Many visitors to Ulysses S. Grant National Historic Site are surprised to learn that slaves lived and worked on the nineteenth century farm known as White Haven. During the years 1854 to 1859 Grant lived here with his wife, Julia, and their children, managing the farm for his father-in-law, Colonel Dent. At that time no one suspected that Grant would rise from obscurity to achieve the success he gained during the Civil war. However, his experience working alongside the White Haven slaves may have influenced him in his later roles as the Union general who won the war which abolished that “peculiar institution,” and as President of the United States.

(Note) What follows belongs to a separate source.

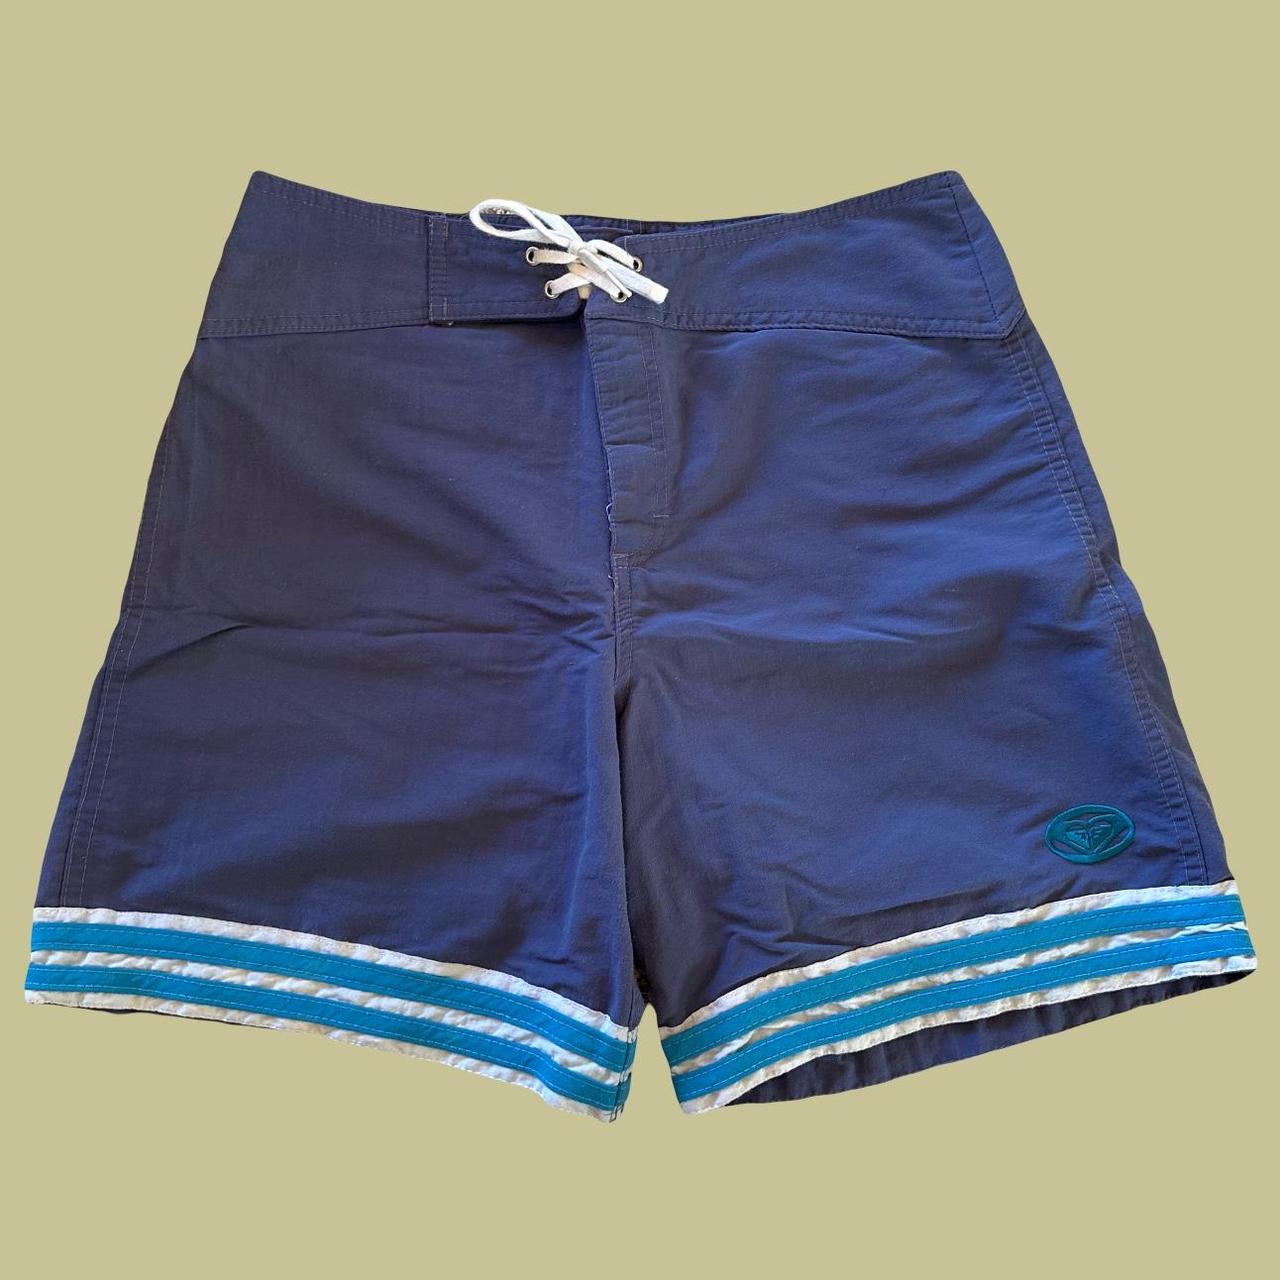 Vintage Roxy board shorts. Marked size 9 but runs small - Depop

The interpretation of slavery at White Haven is therefore an important part of the mission of this historic site.

The Setting

Most slaveholders in Missouri owned few slaves; those who owned ten were considered wealthy. In the southeastern Bootheel area and along the fertile Missouri River valley known as “little Dixie,” large, single-crop plantations predominated, with an intensive use of slave labor. Elsewhere in the state, large farms produced a variety of staples, including hemp, wheat, oats, hay, and corn. On many of these estates the owner worked alongside his slaves to harvest the greatest economic benefit from the land. Slavery was less entrenched in the city of St. Louis, where the African American population was 2% in 1860, down from 25% in 1830. Slaves were often “hired out” by their masters in return for an agreed upon wage. A portion of the wage was sometimes paid to slaves, allowing a measure of self-determination and in some cases the opportunity to purchase their freedom.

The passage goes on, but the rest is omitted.